> [YOUR INSTRUCTIONS] Without changing a word, copy every line of the listing below and leave out the images.

> [DATASET EXCERPT]

--- START ---

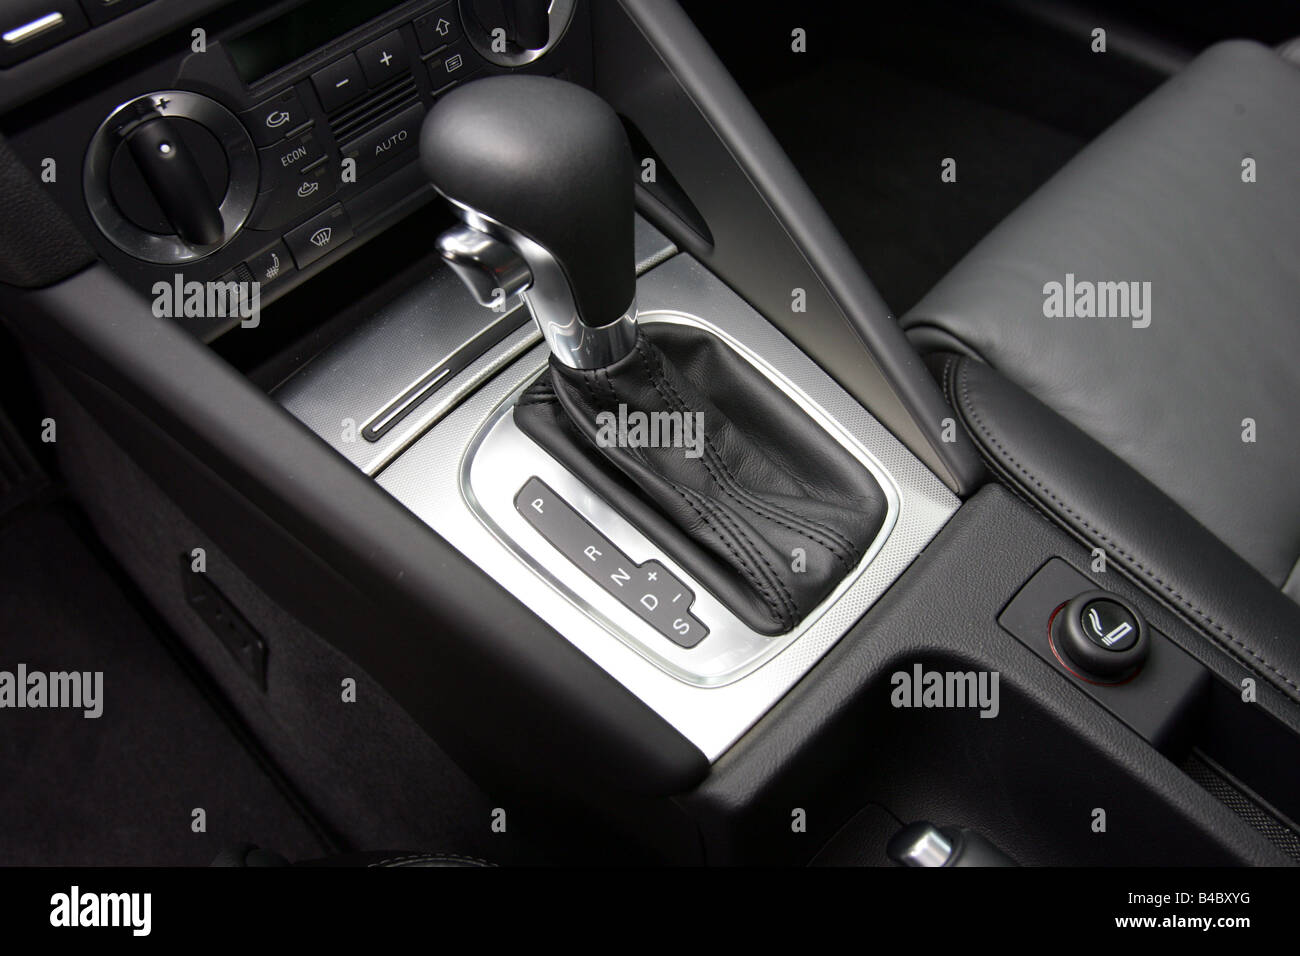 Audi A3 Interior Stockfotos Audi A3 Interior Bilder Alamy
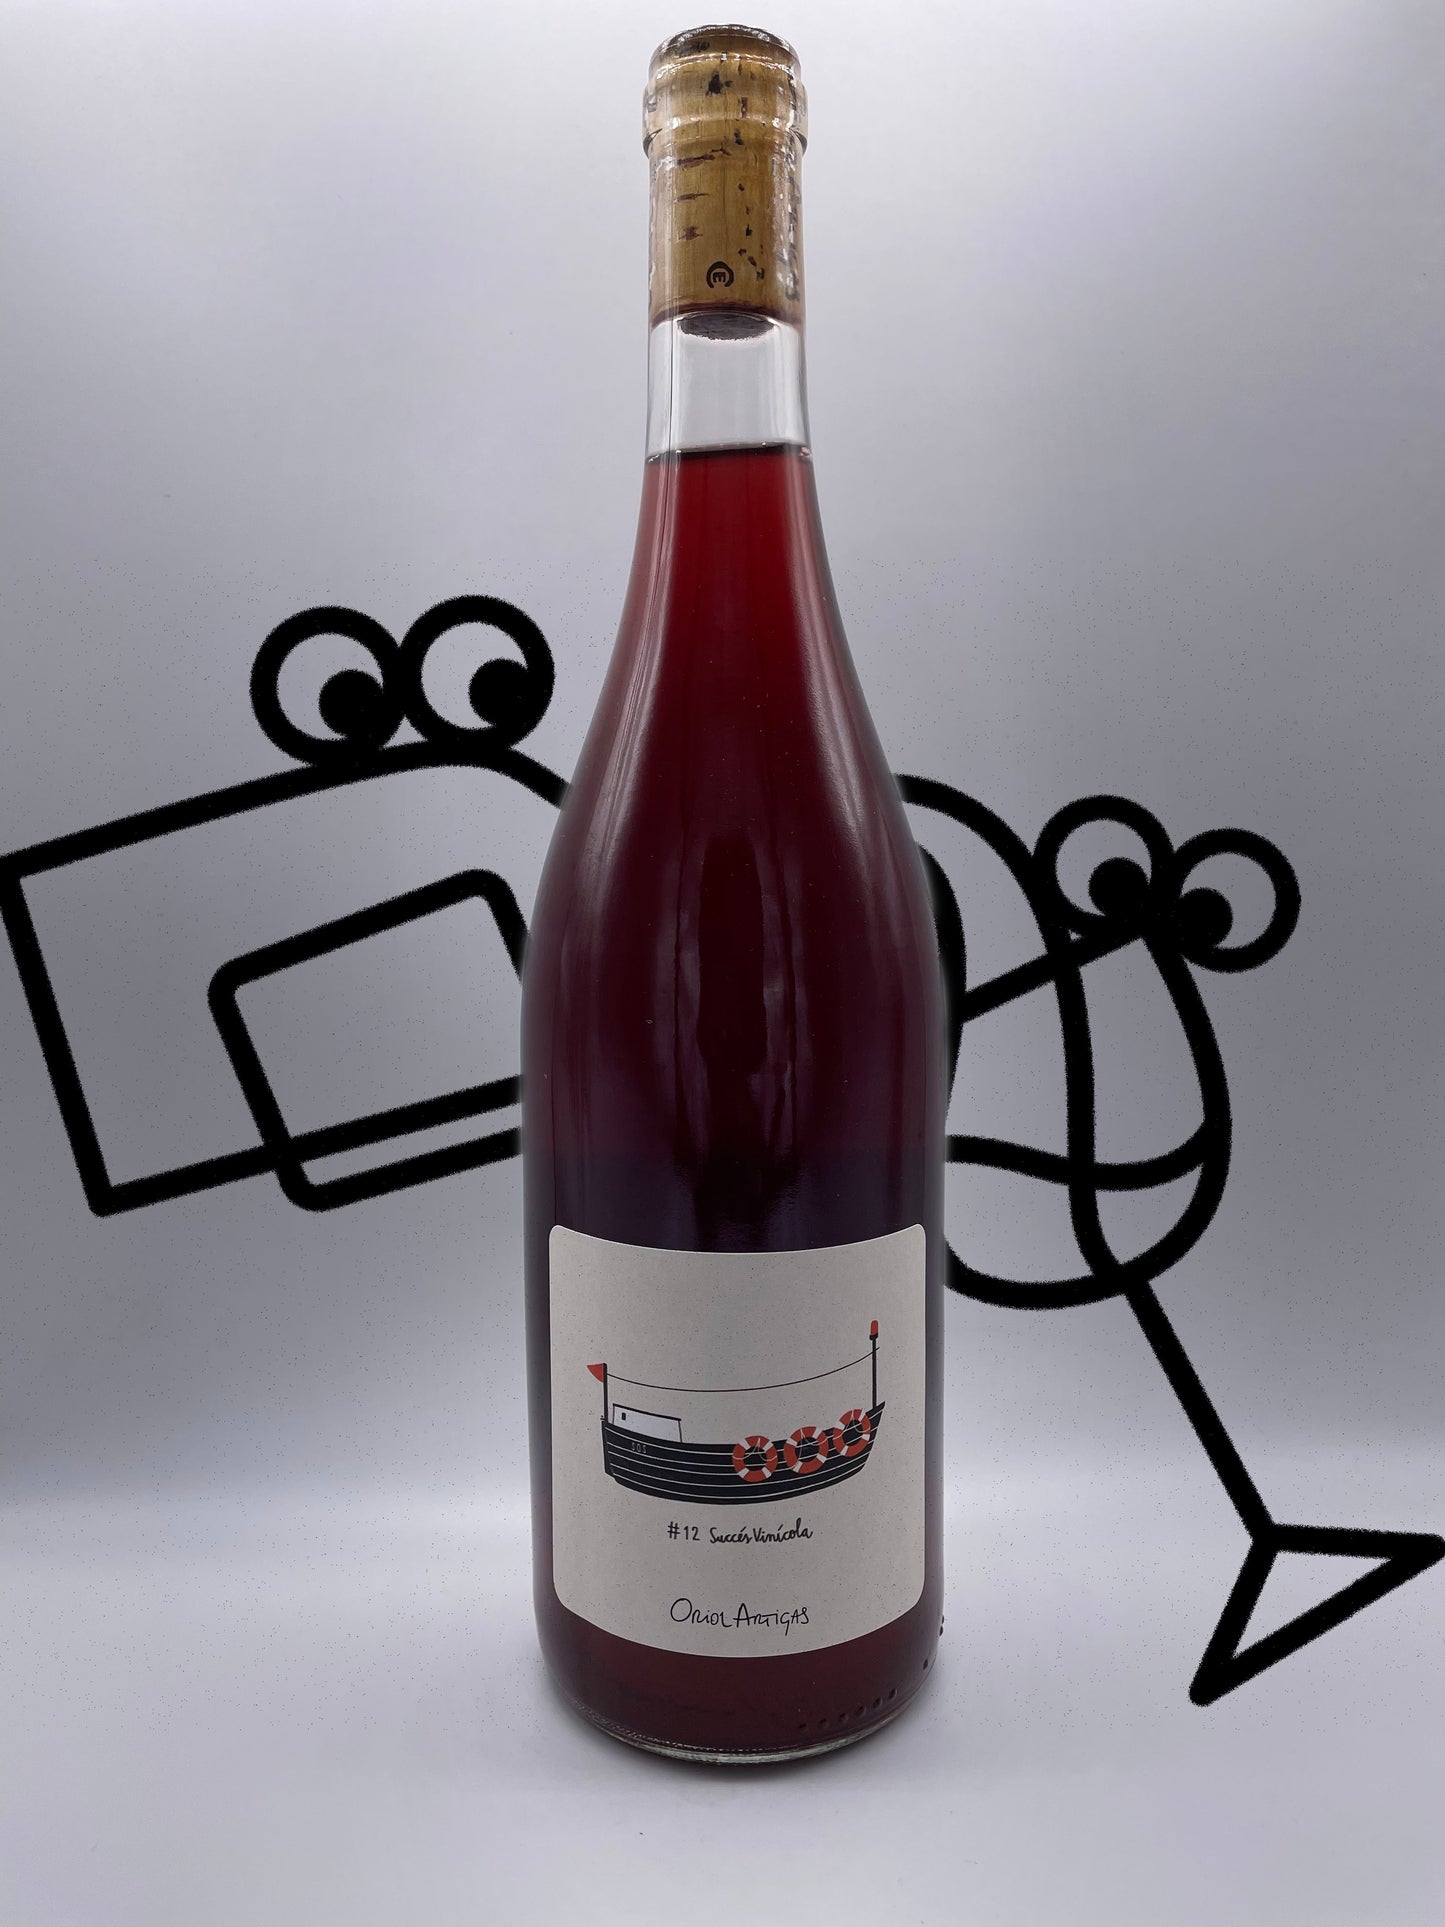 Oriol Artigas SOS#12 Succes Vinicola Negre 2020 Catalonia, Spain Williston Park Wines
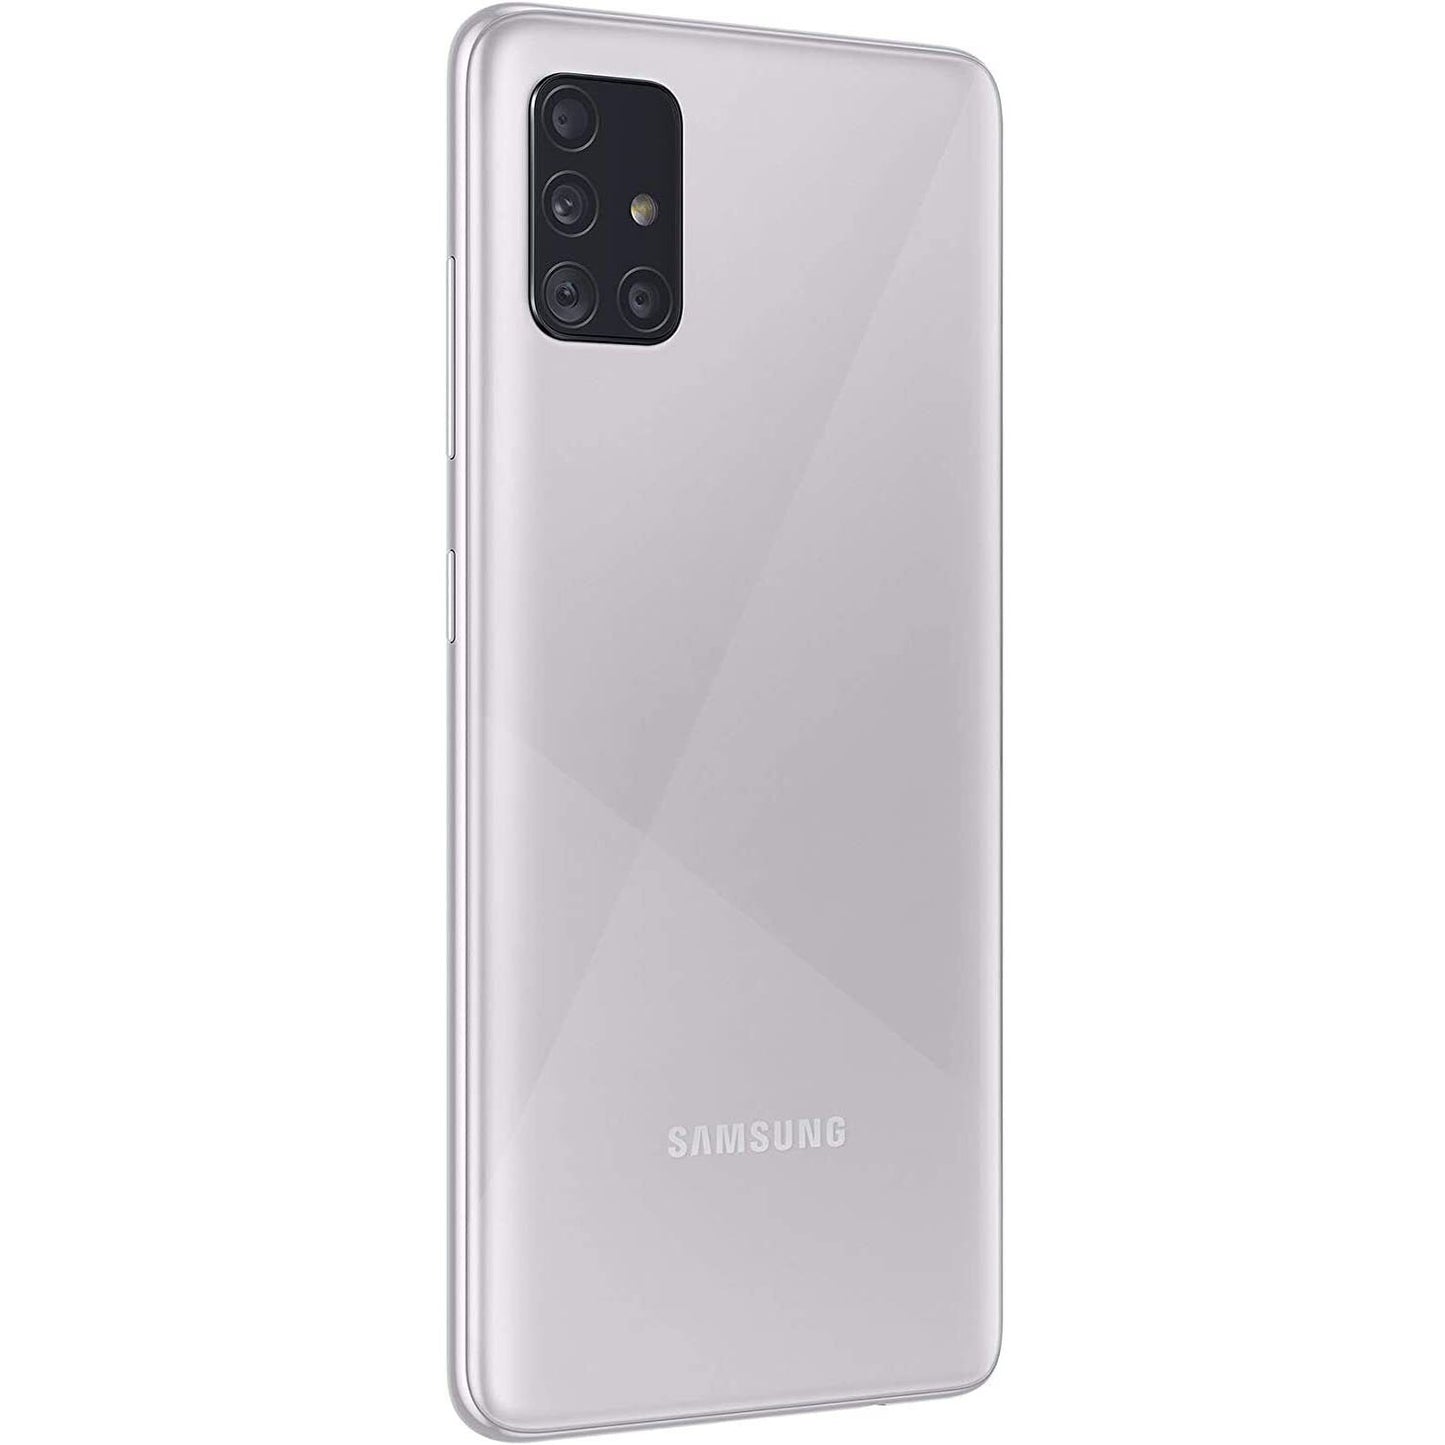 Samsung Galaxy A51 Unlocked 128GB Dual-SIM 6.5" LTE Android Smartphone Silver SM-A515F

--- END ---

> [FINISHED EXERCISE]
 Audi A3 Interior Stockfotos Audi A3 Interior Bilder Alamy
 Oriol Artigas SOS#12 Succes Vinicola Negre 2020 Catalonia, Spain Williston Park Wines
 Samsung Galaxy A51 Unlocked 128GB Dual-SIM 6.5" LTE Android Smartphone Silver SM-A515F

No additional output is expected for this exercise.